Welcome to the Arctic circle. Tromsø is one of only a few large cities that sit within this polar region and notwithstanding its typically icy temperatures, it still manages to draw in a considerable level of inbound Chinese tourism each year. Tromsø doesn’t suffer from its arctic location; actually, it owes a lot of its touristic success to it, with many travellers looking to experience more sights and sounds that are off the beaten path in such a polar environment mixed with having access to the facilities and amenities one would expect from a modern and well-developed city.
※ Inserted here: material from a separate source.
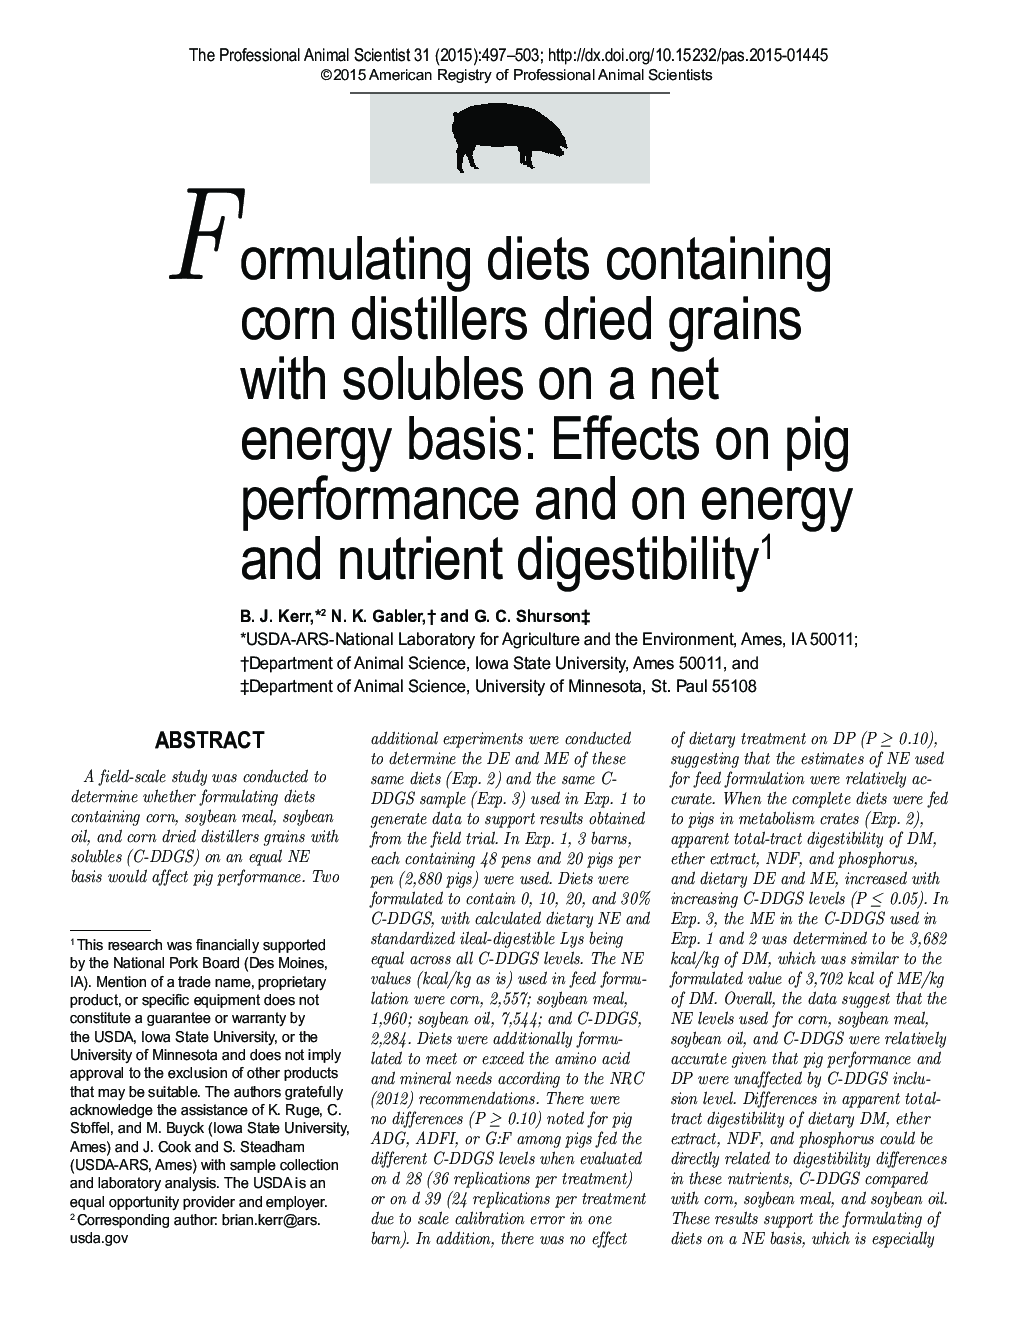 فرمول بندی رژیم های غذایی حاوی ذرت دانه های خشک شده با محلول های بر اساس انرژی خالص: تاثیر بر عملکرد خوک و انرژی و هضم غذای مغذی 1

Along with the arctic circle, Tromsø also falls within the cultural region of Sápmi, a territory that encompasses northern parts of Norway, Sweden, Finland and Russia. Sápmi is home to the Sámis; a traditional, remote people specialising in coastal fishing, fur trapping, sheep herding and most significantly, reindeer herding. The Sámis offer a deep insight and education into a whole new, foreign way of life and are a considerable factor in bringing culture-hungry tourists to Tromsø.
As one of Norway’s biggest cities, tourists will have no difficulty in making the journey up to Tromsø. There are many domestic flights to Tromsø airport each day, though flying internationally from China, travellers will typically have a transfer at Oslo before heading up. Several popular Scandinavian cruise tours will make stops at Tromsø, again giving Chinese holidaymakers a (somewhat brief) opportunity to meander through this snowy metropolis and contribute keenly to the city’s tourist income.
There is an abundance of options for new arrivals to Tromsø to pick from when it comes to tours, shopping and entertainment; though the number one activity on most people’s bucket list is to chase the Aurora Borealis. Tromsø is one of the best locations to see the Northern lights in the country and the locals know this; offering a plethora of different tours and guided routes to tourists and recognising the prosperity and profits that the Chinese market could bring them with the right targeted promotion.
Snowshoeing, dog sledding, fishing, whale watching and arctic buggy riding will also be on the peripherals of the adventurous traveller, while others may prefer the slower pace of the arctic museums, a warm drink at a kaffebutikk (coffee shop) or a visit to the extra-terrestrial looking Arctic Cathedral standing proud to the east of the city.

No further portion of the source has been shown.